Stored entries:
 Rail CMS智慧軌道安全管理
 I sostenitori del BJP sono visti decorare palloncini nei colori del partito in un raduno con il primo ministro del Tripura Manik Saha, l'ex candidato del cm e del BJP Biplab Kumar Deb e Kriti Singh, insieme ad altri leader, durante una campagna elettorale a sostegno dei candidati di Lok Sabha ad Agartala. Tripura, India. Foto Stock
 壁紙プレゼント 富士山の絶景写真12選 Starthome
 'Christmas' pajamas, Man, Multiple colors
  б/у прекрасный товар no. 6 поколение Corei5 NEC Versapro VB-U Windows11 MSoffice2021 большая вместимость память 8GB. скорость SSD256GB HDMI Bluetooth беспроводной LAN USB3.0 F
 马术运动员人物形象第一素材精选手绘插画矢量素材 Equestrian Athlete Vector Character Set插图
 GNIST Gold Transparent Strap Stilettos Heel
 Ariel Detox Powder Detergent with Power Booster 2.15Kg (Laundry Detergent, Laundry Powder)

Exercise goal: Copy the data above in its entirety, exactly as given.

Answer for the task:
 Rail CMS智慧軌道安全管理
 I sostenitori del BJP sono visti decorare palloncini nei colori del partito in un raduno con il primo ministro del Tripura Manik Saha, l'ex candidato del cm e del BJP Biplab Kumar Deb e Kriti Singh, insieme ad altri leader, durante una campagna elettorale a sostegno dei candidati di Lok Sabha ad Agartala. Tripura, India. Foto Stock
 壁紙プレゼント 富士山の絶景写真12選 Starthome
 'Christmas' pajamas, Man, Multiple colors
  б/у прекрасный товар no. 6 поколение Corei5 NEC Versapro VB-U Windows11 MSoffice2021 большая вместимость память 8GB. скорость SSD256GB HDMI Bluetooth беспроводной LAN USB3.0 F
 马术运动员人物形象第一素材精选手绘插画矢量素材 Equestrian Athlete Vector Character Set插图
 GNIST Gold Transparent Strap Stilettos Heel
 Ariel Detox Powder Detergent with Power Booster 2.15Kg (Laundry Detergent, Laundry Powder)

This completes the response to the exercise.